Different fusion strategy:

feature-level:
feature-level fusion can not model the complicated relationships, e.g., the difference on time scales and metric levels, between audio and visual modalities

Decision-level
can not capture the mutual correlation among different modalities, because these modalities are assumed to be independent. Therefore, decision-level fusion does not conform to the fact that human beings show audio and visual expressions in a complementary redundant manner, rather than a mutually independent manner

Score-level
score-level fusion is implemented by combining the individual classification scores, which indicate the likelihood that a sample belongs to different classes.
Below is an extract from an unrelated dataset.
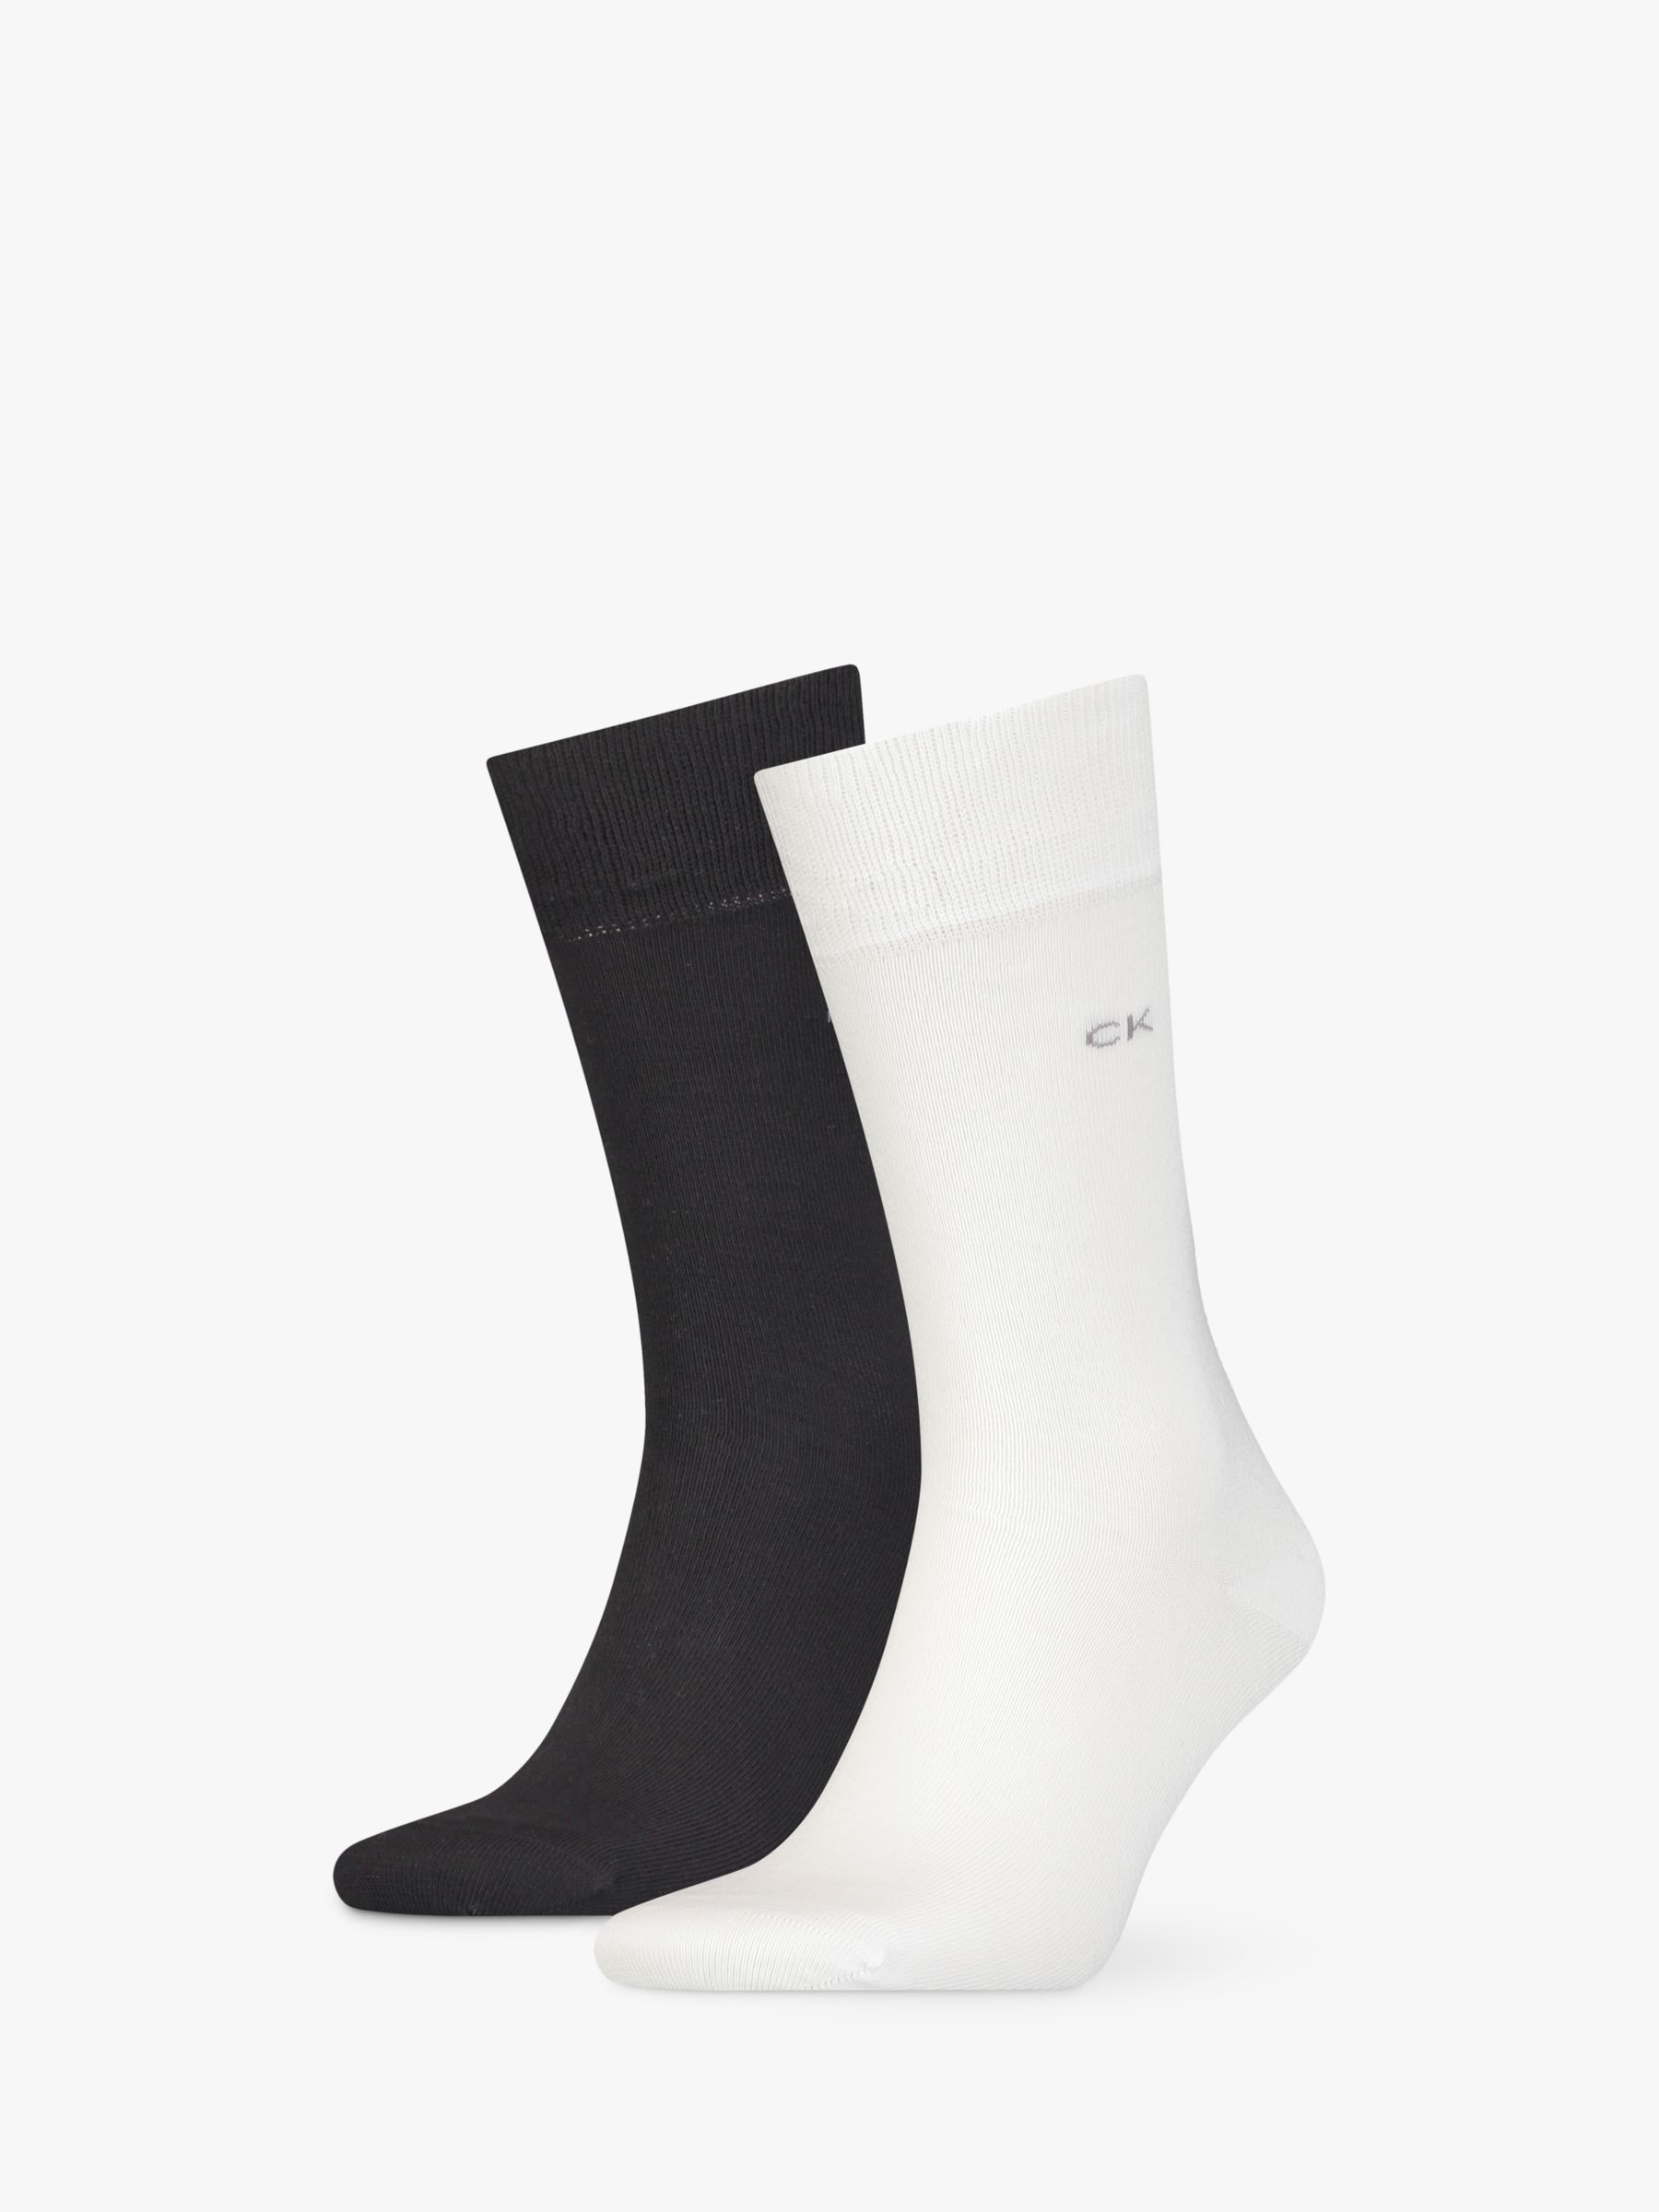 Calvin Klein Flat Knit Cotton Socks, Pack of 2, Black/White at John Lewis &  Partners

By contrast, decision-level fusion is performed by combining multiple predicted class labels.

Model-level
The implementation is based on the used fusion model
HMM is often used for this fusion strategy

The existing work uses a shallow fusion method

audio : AlexNet
visual : C3D-Sports-1M

split each of them into a certain number of overlapping segments and then learn audio-visual features from each segment

Audio input
transform the 1-D spectrogram into a 2-D array as the input of CNN.
64 filter x 64 frames x 3 channel

Visual input
16 frames

For each segment. they have a feature vector and then apply the average pooling to have a fixed size feature vector of the entire utterance.

Audio and FaceVideo Emotion Recognition in the Wild using Deep Neural Networks and Small Datasets

Example of feature extraction for audio and visual

Fusion of facial expression recognition and audio emotion recognition subsystems at score level

VIsual:
Use cnn to extract features, then calculate video features, ( eigenvector, covariance matrix, multi dimensional Gaussian Distribution)

Audio: We then take the means of frame-wise scores as the final prediction results for video clips
Geneva Minimalistic Acoustic Parameter Set (eGeMAPS)

Audio-visual fusion at score level

Dense SIFT and CNN features for face video emotion recognition

Deep Multimodal Learning for Affective Analysis and Retrieval

Prove that deep bolzmann machine can learn high-level presentation of the auvio-visual cues from low-level hand-crafted features

Emotion Spotting: Discovering Regions of Evidence in Audio-Visual Emotion

Explore which region is more salient for a certain expression.